→ **Description of the task**: Everything in the listing below should be repeated exactly, apart from the pictures.

→ **Data excerpt**:
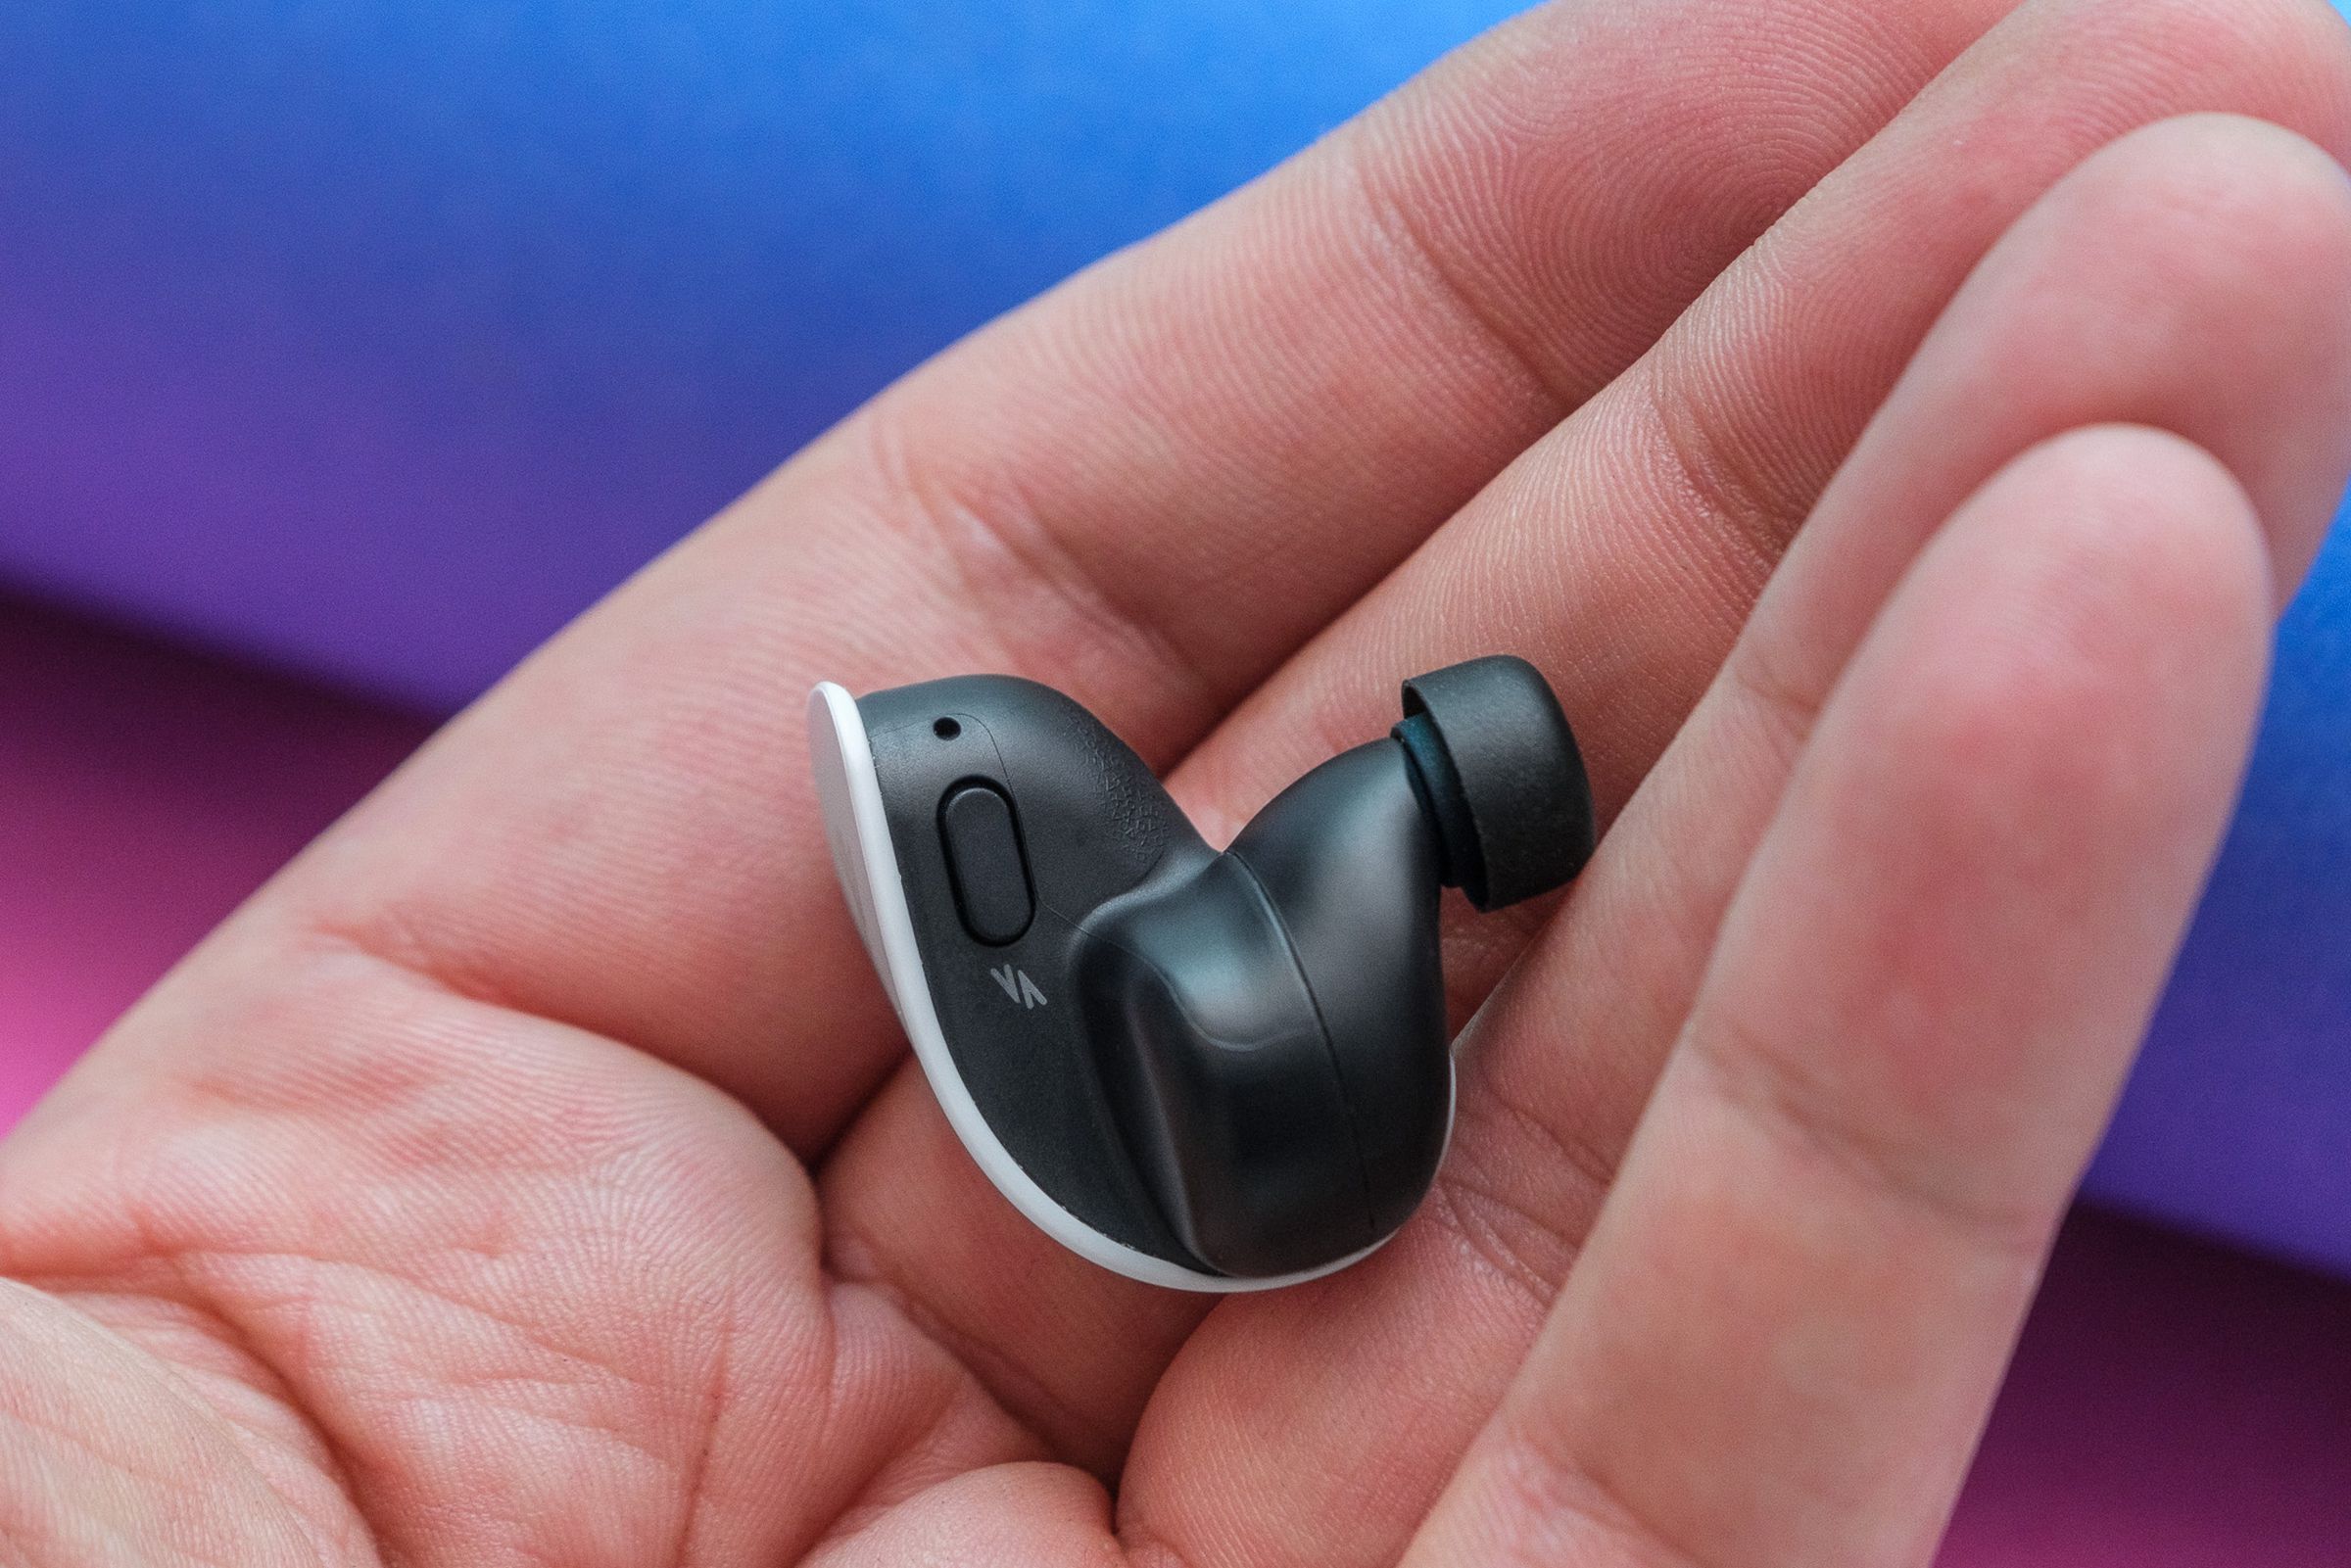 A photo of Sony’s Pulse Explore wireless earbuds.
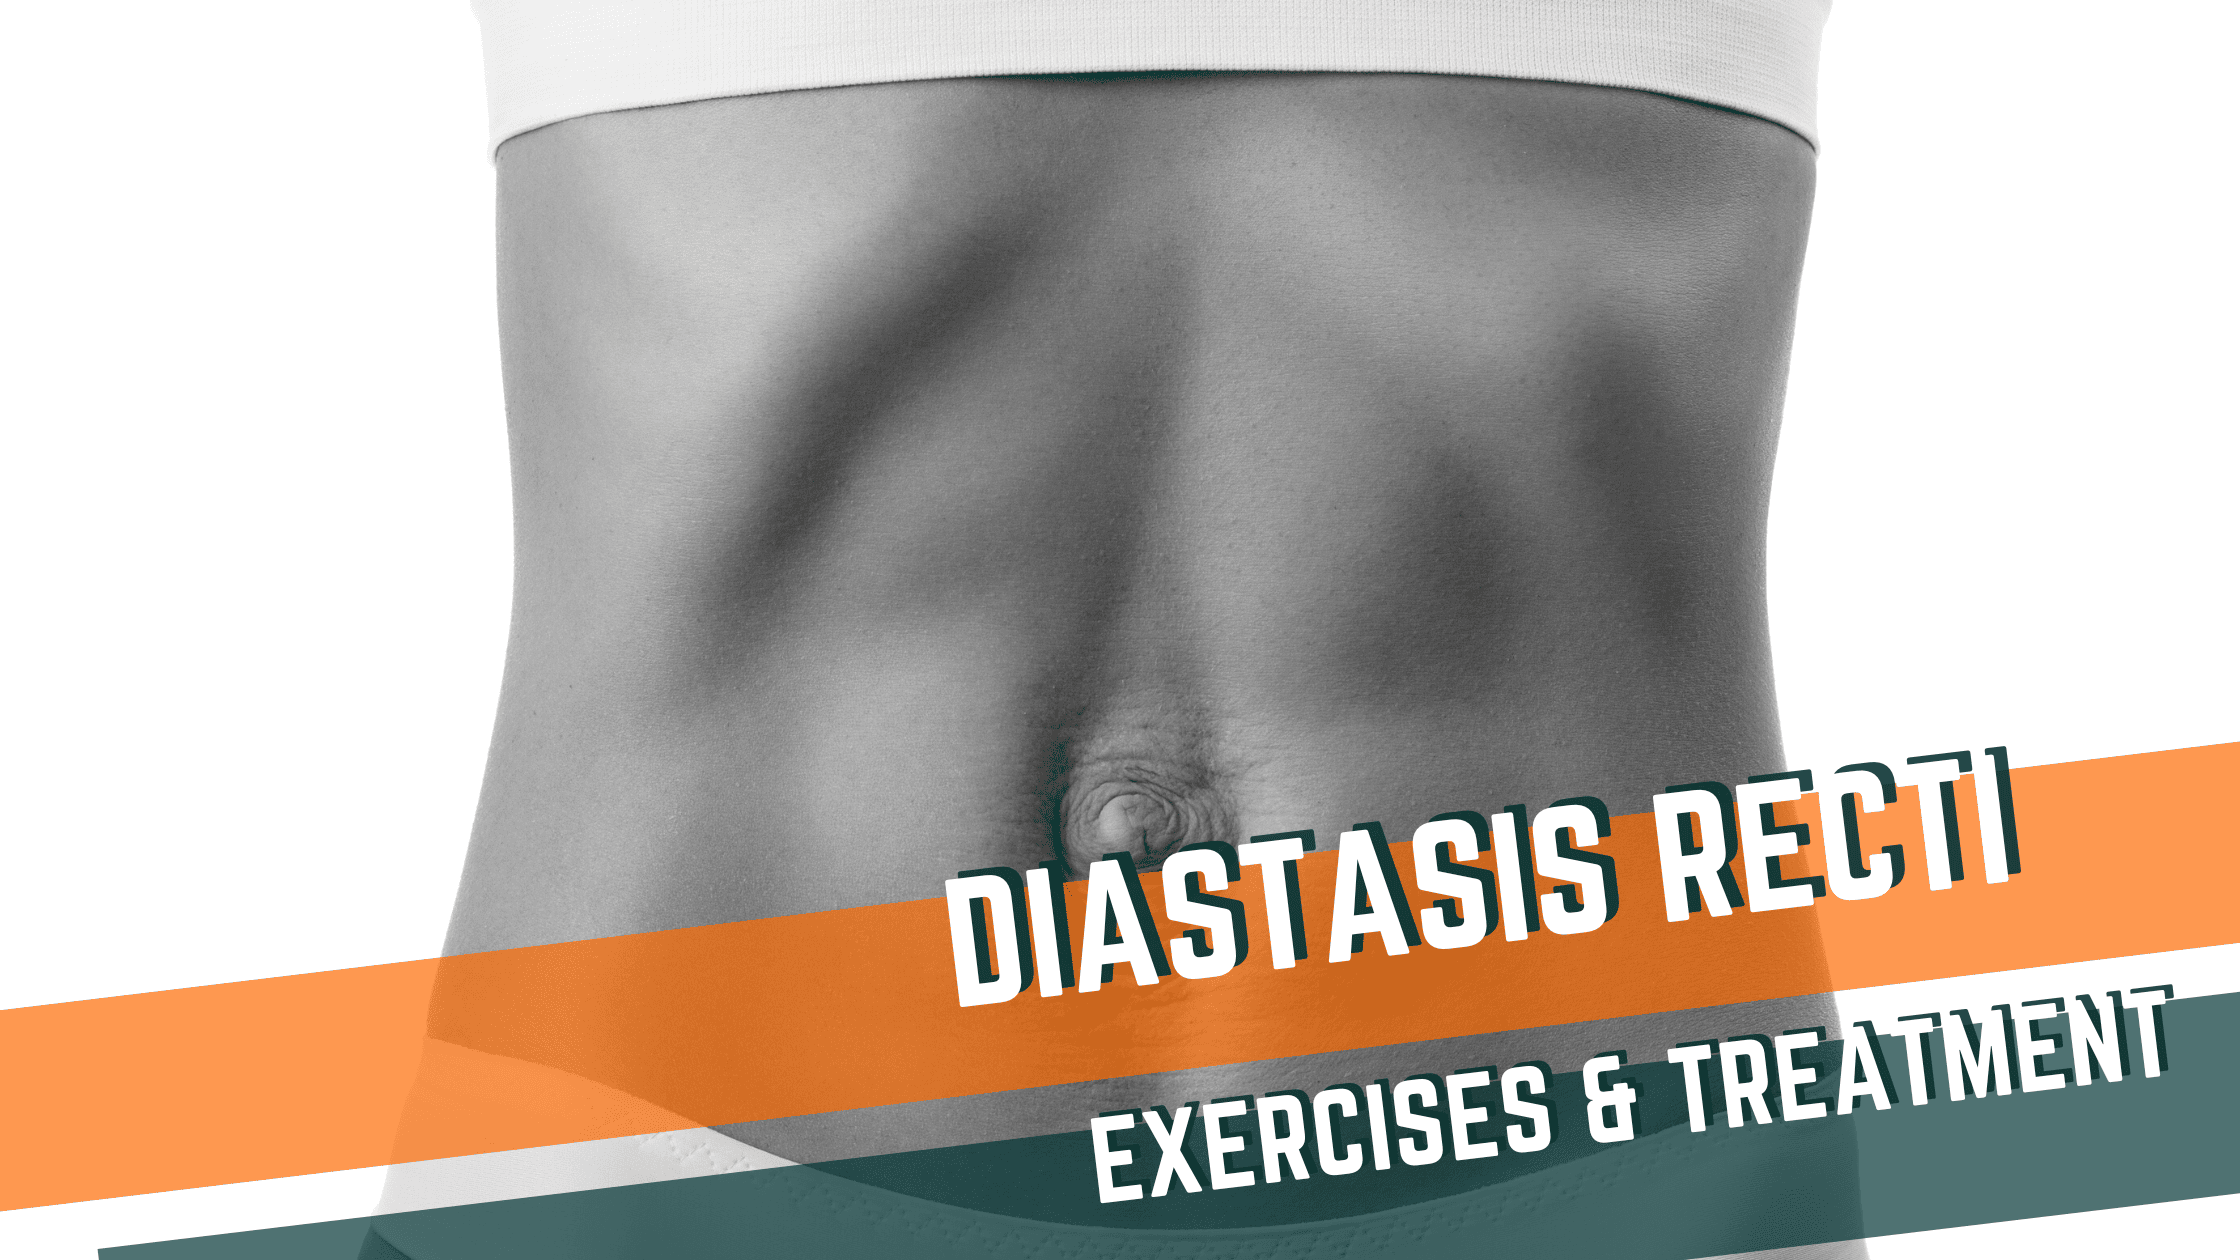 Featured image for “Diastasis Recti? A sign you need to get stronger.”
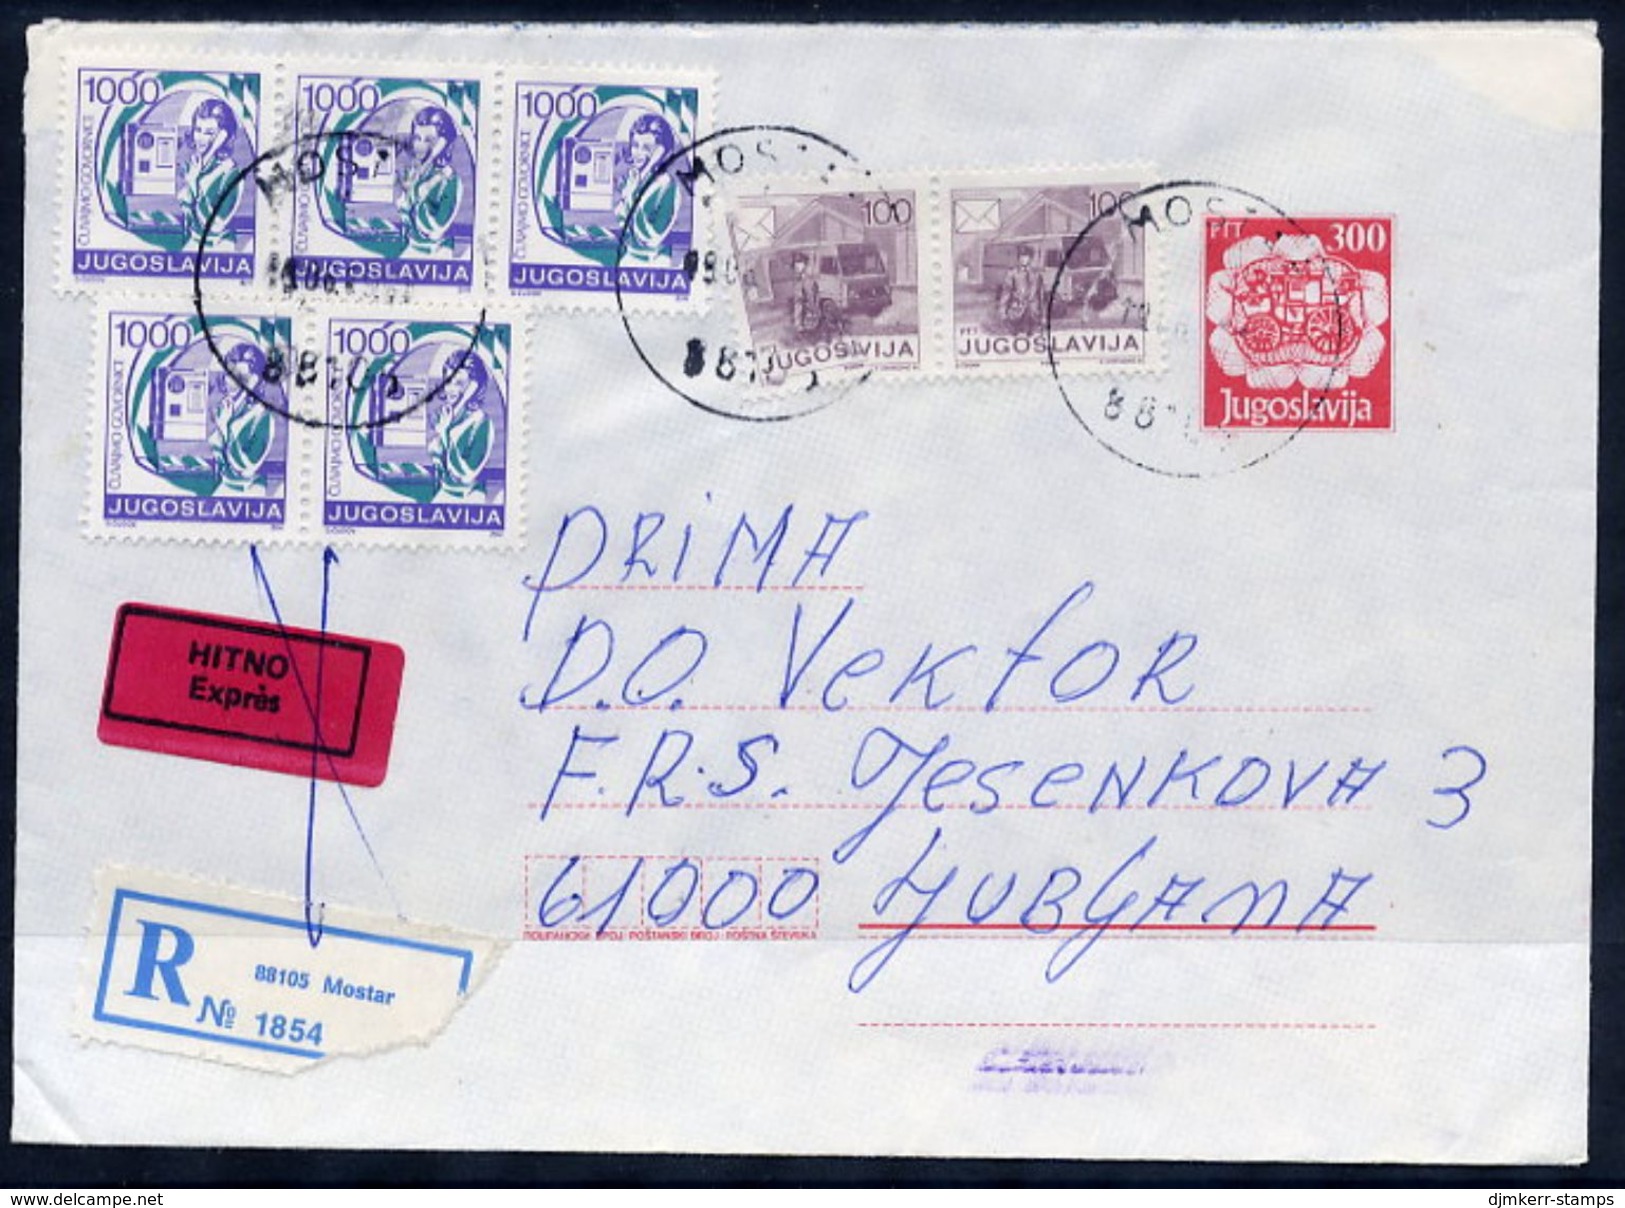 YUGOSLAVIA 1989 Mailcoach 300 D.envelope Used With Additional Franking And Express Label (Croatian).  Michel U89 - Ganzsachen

→ **Answer**:
 A photo of Sony’s Pulse Explore wireless earbuds.
 Featured image for “Diastasis Recti? A sign you need to get stronger.”
 YUGOSLAVIA 1989 Mailcoach 300 D.envelope Used With Additional Franking And Express Label (Croatian).  Michel U89 - Ganzsachen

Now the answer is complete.